Colors are always linked to a style, and each cell has some style assigned. We can think about the problem: We get all the IDs of the colors we seek. Next, we filter all the styles so that we only have those that have a link to one of the colors we are looking for through indexes. From the obtained styles, we will keep only and only their IDs. We can subsequently filter all the cells with them and select only the ones we need. In the end, we’ll check what type of value it is, and if it’s numerical, we’ll save it straight away; for text output, we still have to reach into the text value repository according to the index to get this value.

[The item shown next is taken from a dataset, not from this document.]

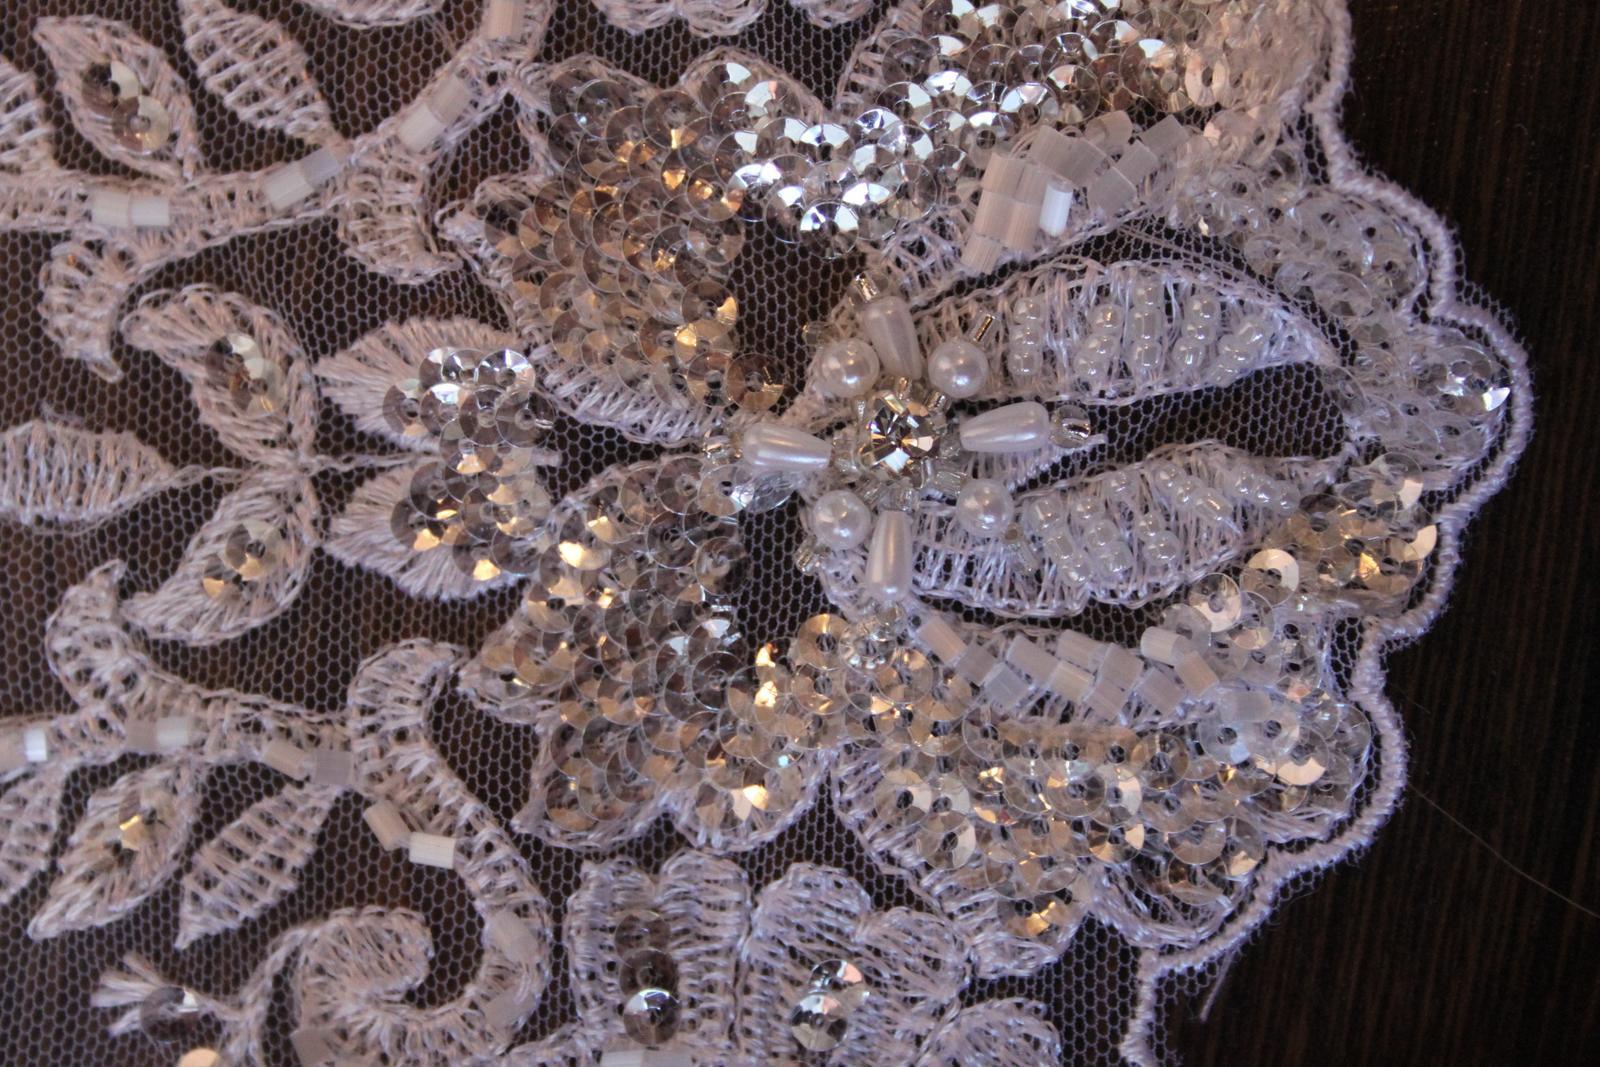 3 D Látky, aplikácie na svadobné šaty prípadne na iné dozdobenie - Obrázok č. 34
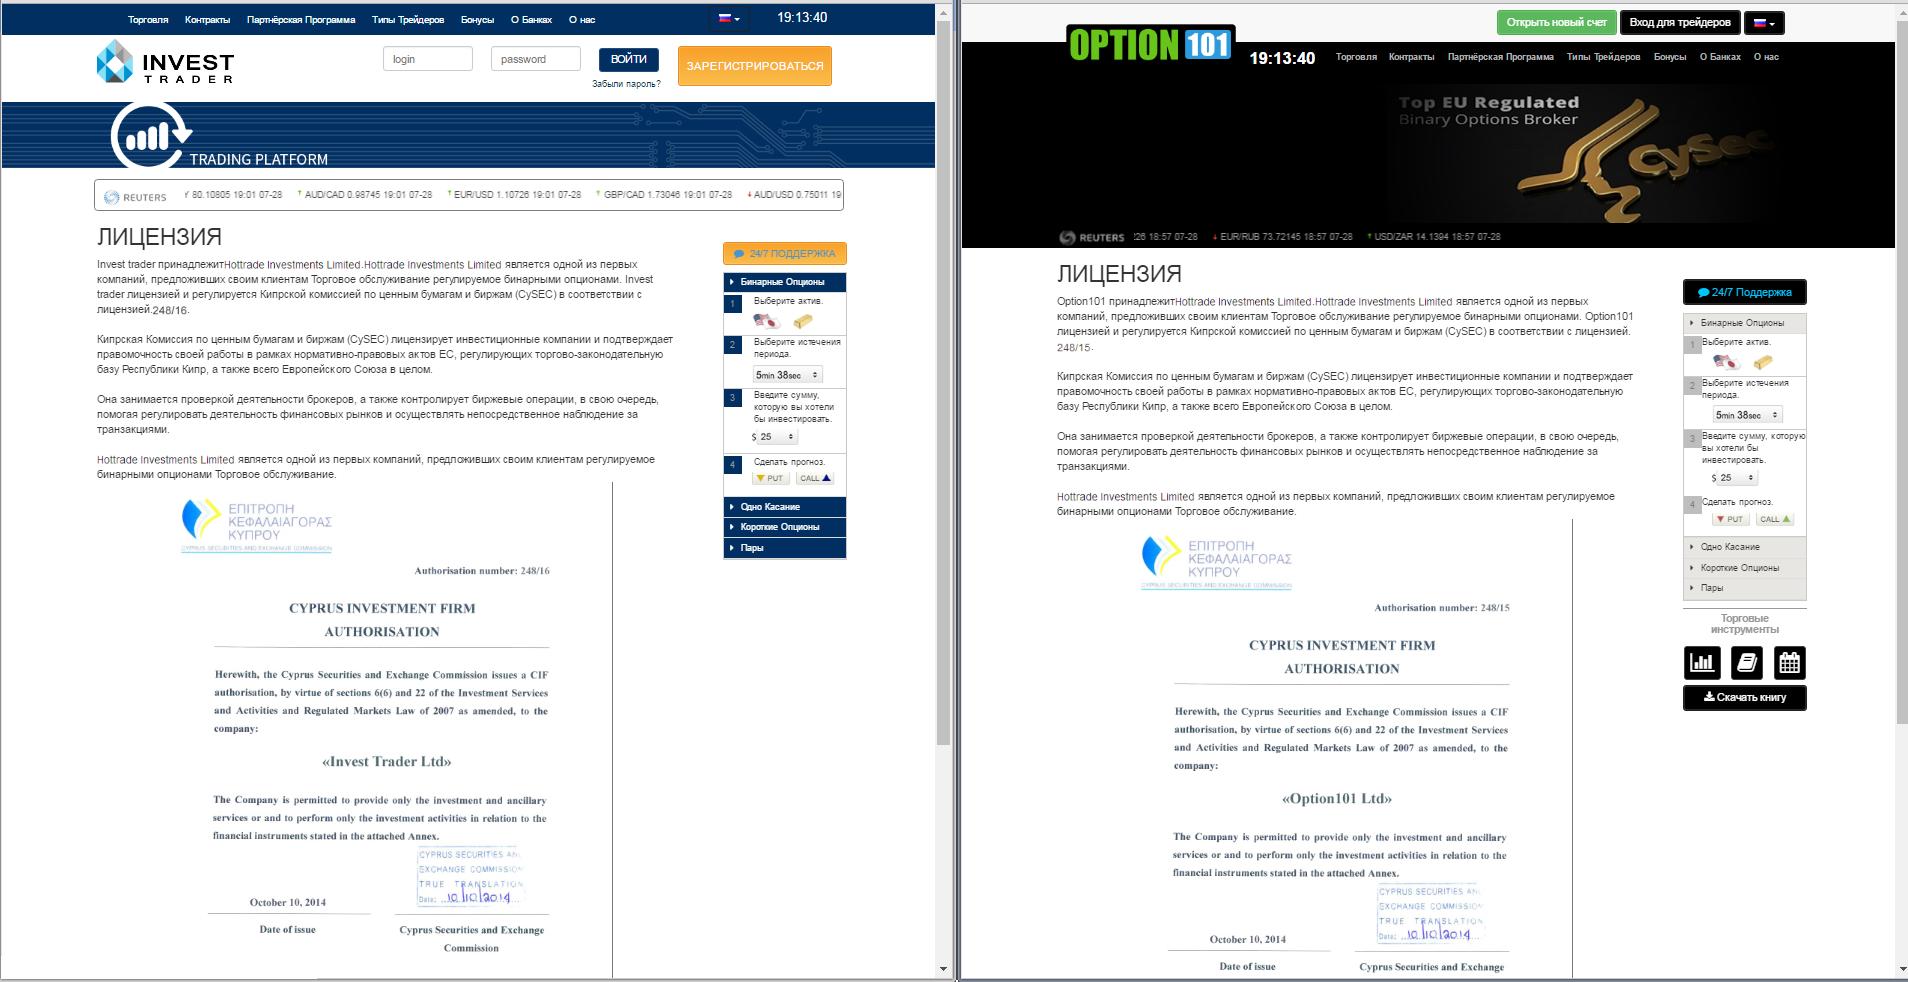 Жалоба на брокера Option101 мошенники бинарные опционы брокер

It sounds wild but doable! I believe that the whole function could be optimized even further, but so far, this was enough for me; where in addition to the searched colors, I also added the possibility of removing some of the colors from the export:

let
    output = (xslxBinary as binary, optional searchedColor as text, optional notSearchedColor as text) =>
        let
            /* UNZIP FUNCTION FROM MARK WHITE
     LINK TO ARTICLE WITH CODE http://sql10.blogspot.com/2016/06/reading-zip-files-in-powerquery-m.html */
            unZipOfXLSX = (xlsxFile as binary) =>
                let
                    Header = BinaryFormat.Record(
                        [
                            MiscHeader = BinaryFormat.Binary(14),
                            BinarySize = BinaryFormat.ByteOrder(
                                BinaryFormat.UnsignedInteger32, ByteOrder.LittleEndian
                            ),
                            FileSize = BinaryFormat.ByteOrder(BinaryFormat.UnsignedInteger32, ByteOrder.LittleEndian),
                            FileNameLen = BinaryFormat.ByteOrder(
                                BinaryFormat.UnsignedInteger16, ByteOrder.LittleEndian
                            ),
                            ExtrasLen = BinaryFormat.ByteOrder(
                                BinaryFormat.UnsignedInteger16, ByteOrder.LittleEndian
                            )
                        ]
                    ),
                    HeaderChoice = BinaryFormat.Choice(
                        BinaryFormat.ByteOrder(BinaryFormat.UnsignedInteger32, ByteOrder.LittleEndian),
                        each
                            if _ <> 67324752
                            // not the IsValid number? then return a dummy formatter
                            then
                                BinaryFormat.Record([IsValid = false, Filename = null, Content = null])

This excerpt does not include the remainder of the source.